COLLECTED MATERIAL START

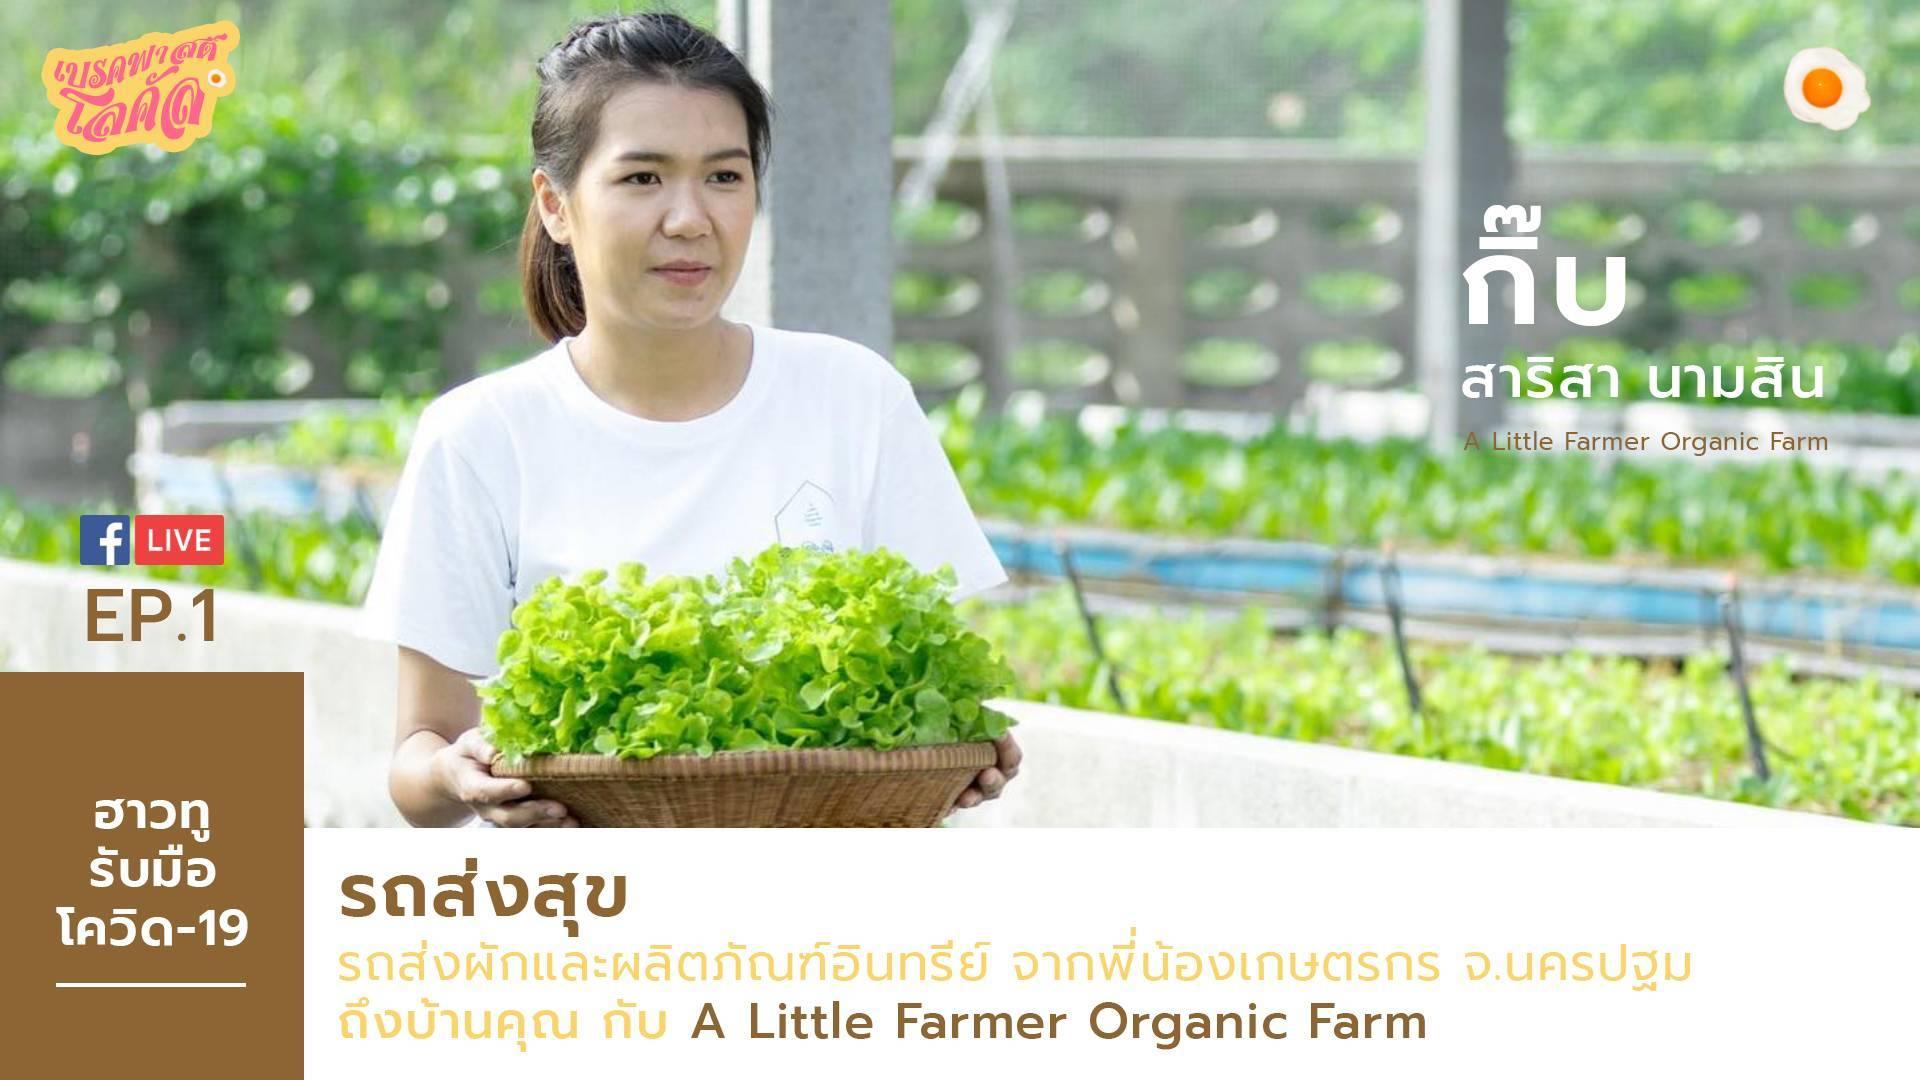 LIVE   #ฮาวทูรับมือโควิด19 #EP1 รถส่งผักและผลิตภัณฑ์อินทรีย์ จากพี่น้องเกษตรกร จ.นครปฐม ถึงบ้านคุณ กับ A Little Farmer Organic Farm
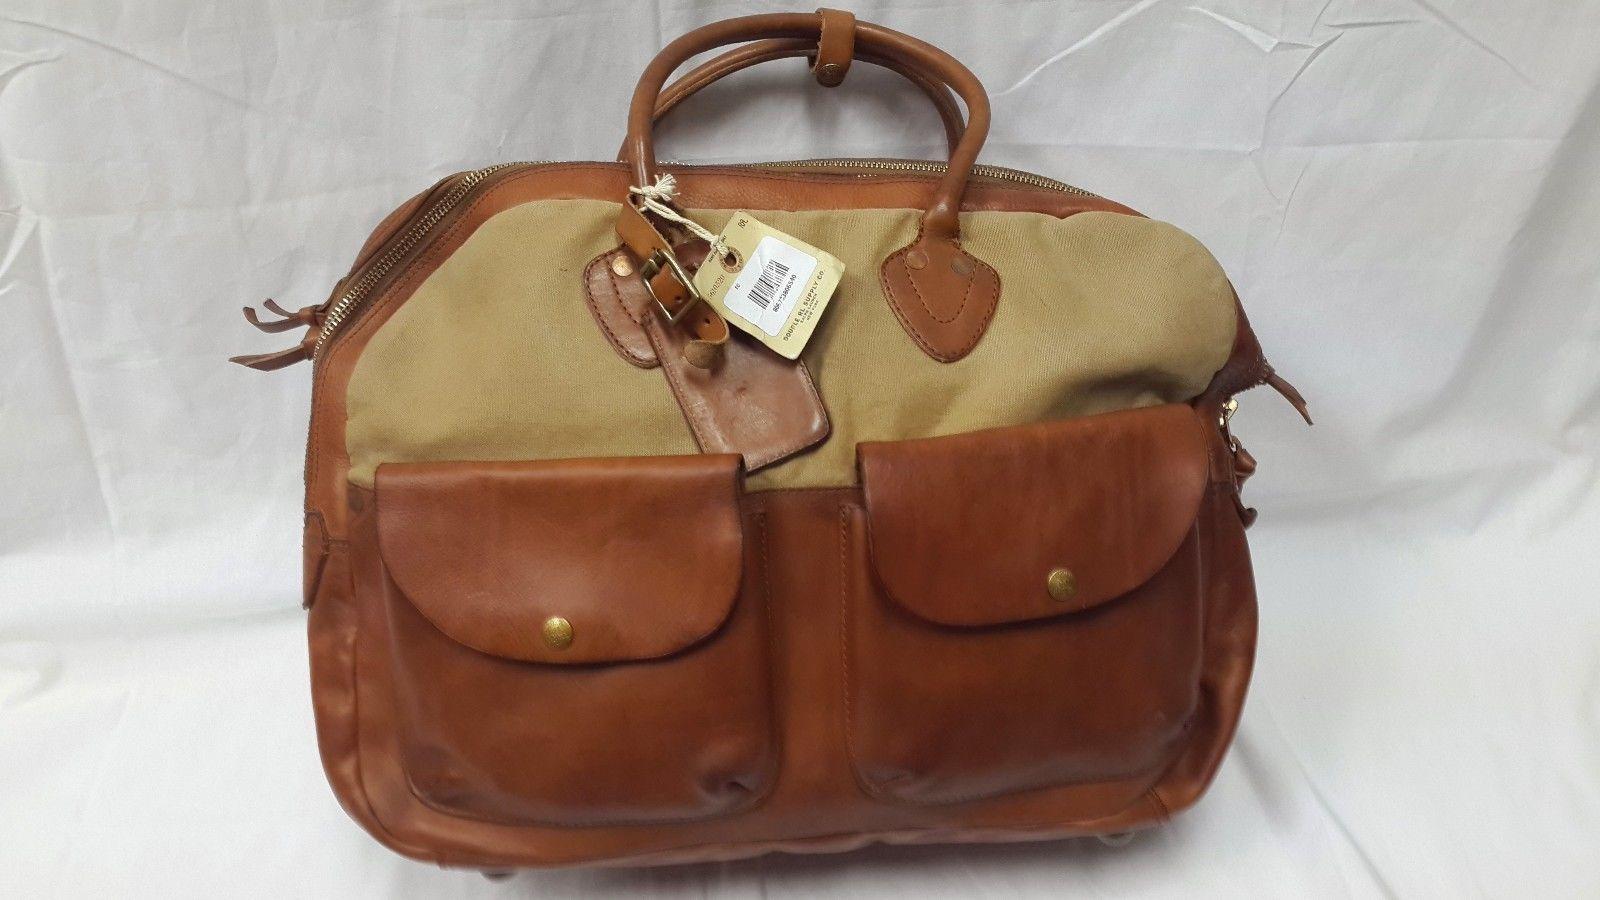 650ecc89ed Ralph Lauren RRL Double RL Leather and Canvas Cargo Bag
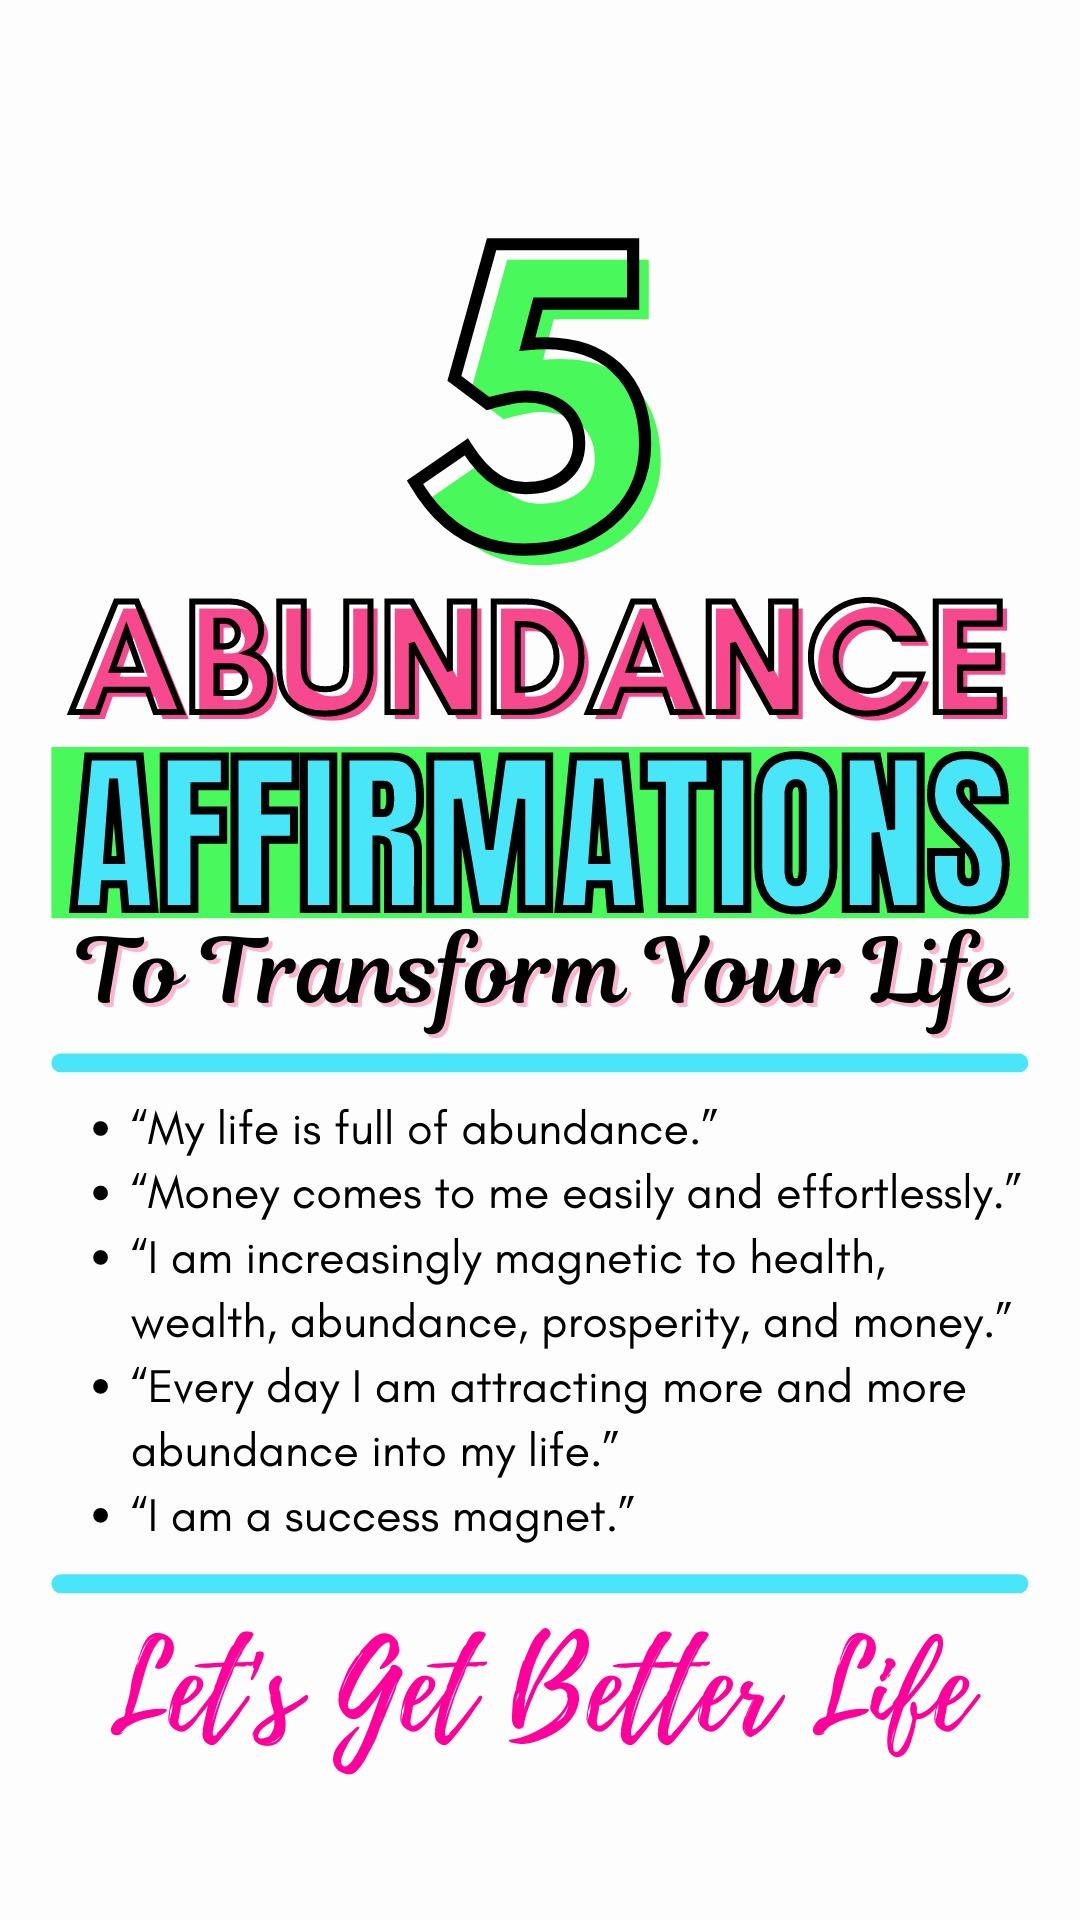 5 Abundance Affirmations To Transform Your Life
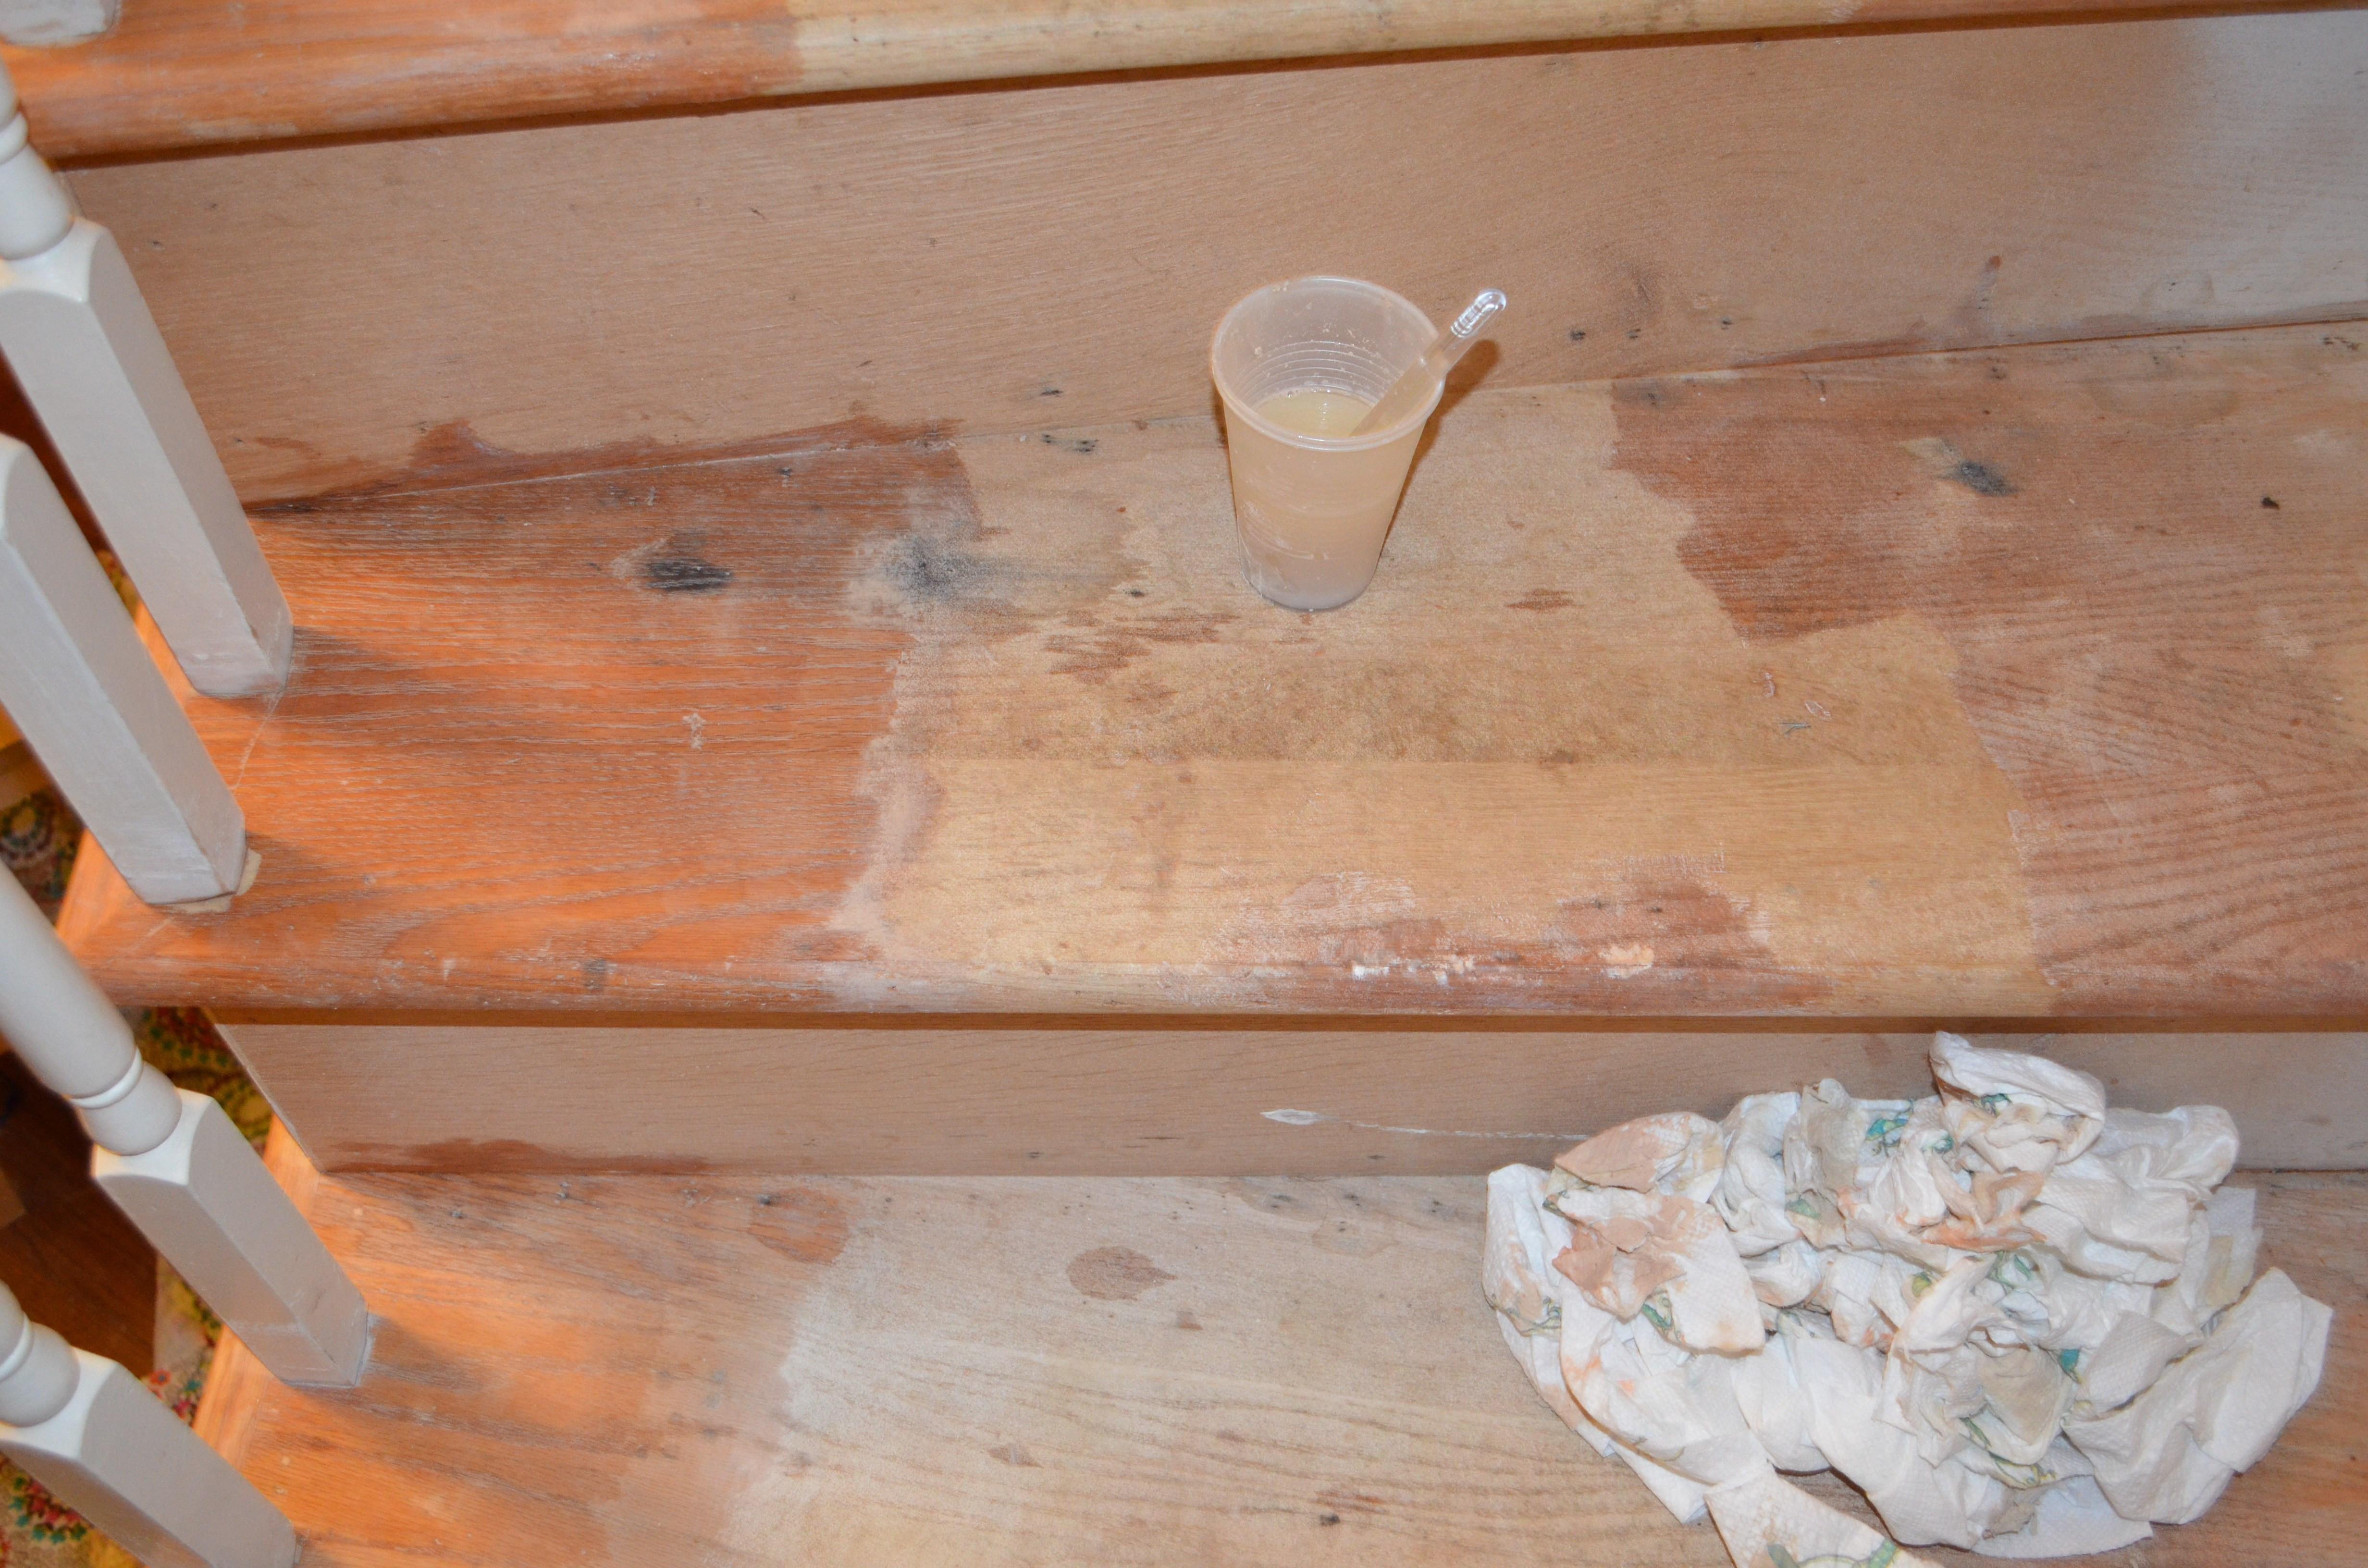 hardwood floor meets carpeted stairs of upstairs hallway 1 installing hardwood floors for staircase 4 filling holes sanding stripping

COLLECTED MATERIAL END

Leaving the pictures aside, transcribe the entire listing exactly.

### TASK ANSWER
 LIVE   #ฮาวทูรับมือโควิด19 #EP1 รถส่งผักและผลิตภัณฑ์อินทรีย์ จากพี่น้องเกษตรกร จ.นครปฐม ถึงบ้านคุณ กับ A Little Farmer Organic Farm
 650ecc89ed Ralph Lauren RRL Double RL Leather and Canvas Cargo Bag
 5 Abundance Affirmations To Transform Your Life
 hardwood floor meets carpeted stairs of upstairs hallway 1 installing hardwood floors for staircase 4 filling holes sanding stripping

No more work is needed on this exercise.